I WAS just thinking… about the Arts.

It’s the ever so slightly pretentious terminology used by those who work in the professional creative industries for what they do.

The capital ‘A’ is important to them. It gives the activity political credibility. Like the ‘H’ in Housing, the ‘D’ in Defence or the ‘E’ in Education. It makes the activity feel important, worthy. The problem is that, unlike the three comparators, the Arts is not a statutory service. No government, whether on a national or a local level, is obliged to provide them or to cause them to be provided.

For many years now the local authorities on our patch have been able to point, with some justification, to the proximity of Cambridge and London and the proliferation of Arts opportunities in those places, to justify the lack of facilities on our own doorstep. Now, with public expenditure under the cosh, North Hertfordshire District Council and Hertfordshire County Council are no doubt breathing heartfelt sighs of relief that they don’t have to justify such a non-statutory spend.

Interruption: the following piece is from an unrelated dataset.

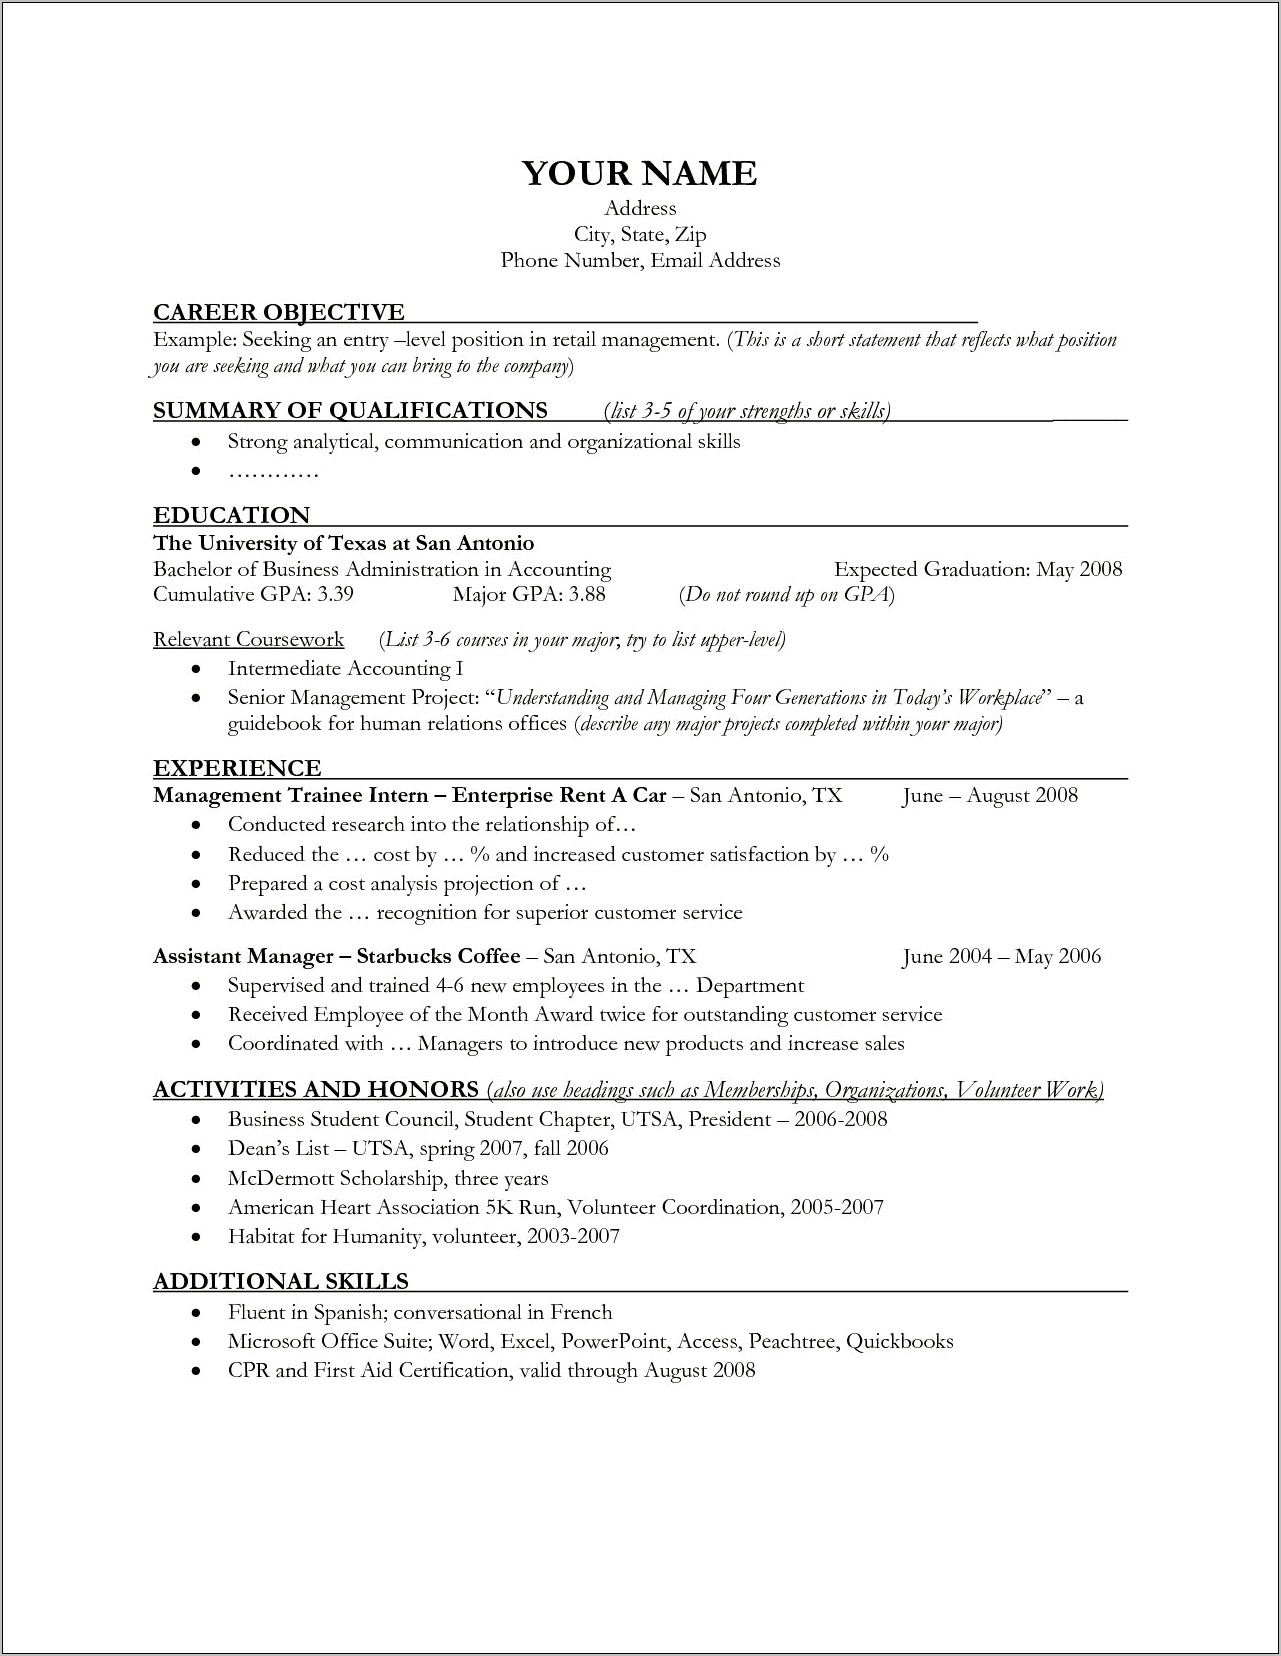 Sample Resumes For Retail Assistant Manager

From the relative security of a community which has no professional Arts provision it is instructive to look at those communities which are losing theirs. Somerset County Council has ceased to provide any money at all to fund the Arts. One theatre has already closed, depriving the county town of a much-cherished service.

So should we be smug and think how lucky we are in having nothing to lose? Or should we be wondering what we are missing and what we have been missing for a very long time?

Royston, Baldock and Letchworth have a pitifully small number of professional Arts institutions which are able to provide our communities with that vital cultural counterbalance to those ever speedier, target-driven, value-for-money lives which we all live. Perhaps it doesn’t matter if the amateur scene is vibrant. Who needs those flouncy professionals in their cravats swanning around calling each other ‘darling’ and displaying far too much tactile familiarity in public?

Yet there is an overwhelming feeling that as disinvestment in society becomes an ever-increasing reality and as the state shrinks and local authorities struggle to maintain their own credibility, we need the Arts more than ever. They entertain, they divert, they stimulate and they provoke. They provide original ideas. They are dissident, they are seditious, they are joyful, they are occasionally disgusting. More than anything they are a running commentary on how we choose to live our lives and on how we choose the people who tell us how to live our lives.

Perhaps now is the time for North Hertfordshire District Council to be in the vanguard and do something dynamic like provide a new Arts facility for us all to enjoy. Some hope!